Tuesday 9 August 2016

Online solutions in a Modern Legal World

Oh Lord, that has to be a vote winning headline, doesn't it? It has the works; legal, online, solutions, Modern. It would probably sweep the boards at the "Most Boring Blog Post Title Ever" award ceremony.


This bit of the story is not exciting, it's not filled with wonder and escape and joy. It's filled with hard slog and a fair bit of stones along the path. I said we did research, and we did. We spent hours looking into all the bits of paperwork you need to work as a lawyer from home; the certification, the insurance, the setting up a company, the fact that I couldn't be a shareholder in said company because I wasn't employed in the legal professions, the phonelines, broadband, photocopying, printing, paperwork, the endless bureaucracy that makes setting up a Law firm less an act of entrepreneurial spirit and more like the biggest, hardest Sudoku you have ever had to do.

We had to satisfy Law Society demands, we couldn't start until certification had been proven, until the business plan was set down in triplicate in stone, delivered to the chief Druid's own stone circle, danced around three times and then sung to. It felt like anything we wanted to do was too hard to do, every single step of the way.

And we had a deadline to work to; within the next 6 months Mr Mr would be work free and any income coming in regularly would be mostly from my dwindling supply work. School budgets were getting tighter and the supply had been slowing down for the past year. We were looking at a few months of no income until the business took off.

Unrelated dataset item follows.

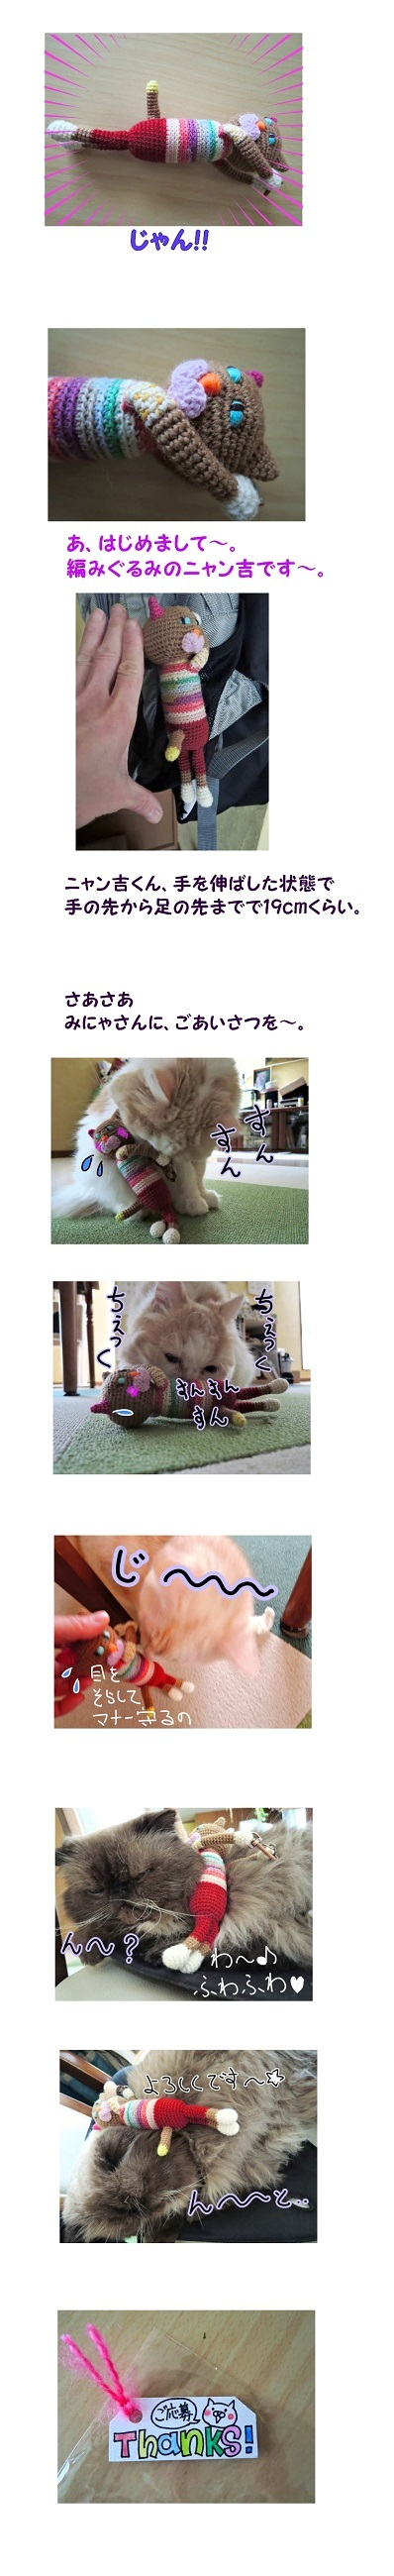 編みぐるみ2-1 52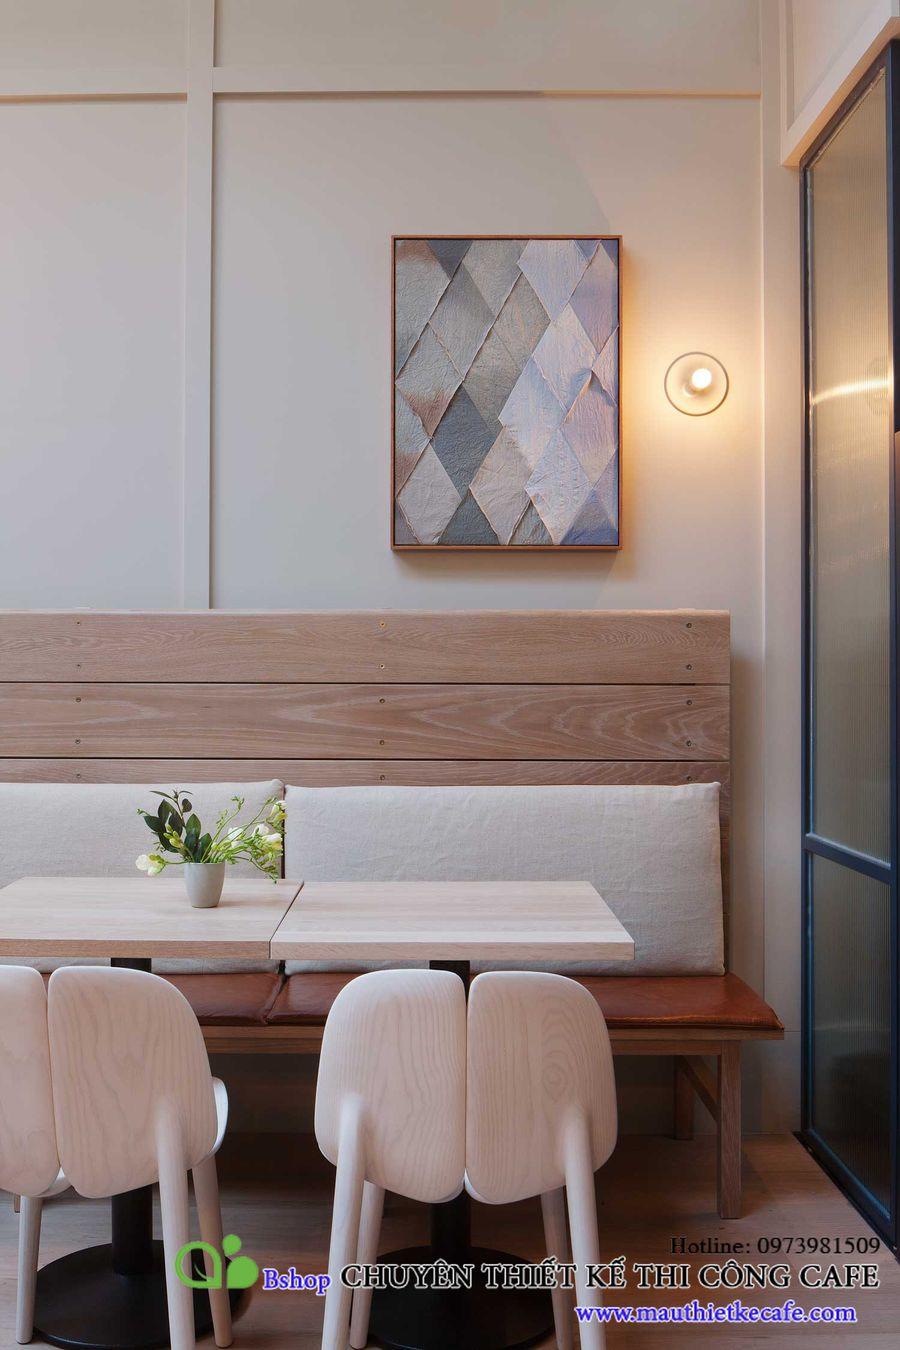 cafe bar danh cho teen (1)mauthietkecafe.com

Added to that was the working out of the physical demands of an office; a room with a door that closes, a desk, a chair, space to spread out files when necessary. We set aside the small front office, no more than 6 foot by 8 foot, and set it up with the basics. We had the desk, the chair from the dining room went in, a new computer was purchased and a case management system invested in. I spent 3 days of October half term in Bradford getting to grips with legal software, and loving the feeling of being a grown up in a grown up world. I was playing, of course. Much of my time was still spent working in school. I was applying for full time teaching jobs and being rejected, eventually I fell lucky with a Learning Mentor's role at a school in Prescot (coincidentally the same school where I did the first day's supply I ever did for my favourite agency). It paid, not a lot, but it paid, and it meant I had security for a year at least.

I started that on the 7th October 2013. Mr Mr walked out of his full time, salaried firm on the 11th. Little issues of perfect timing like that were to happen all the way along setting up the firm.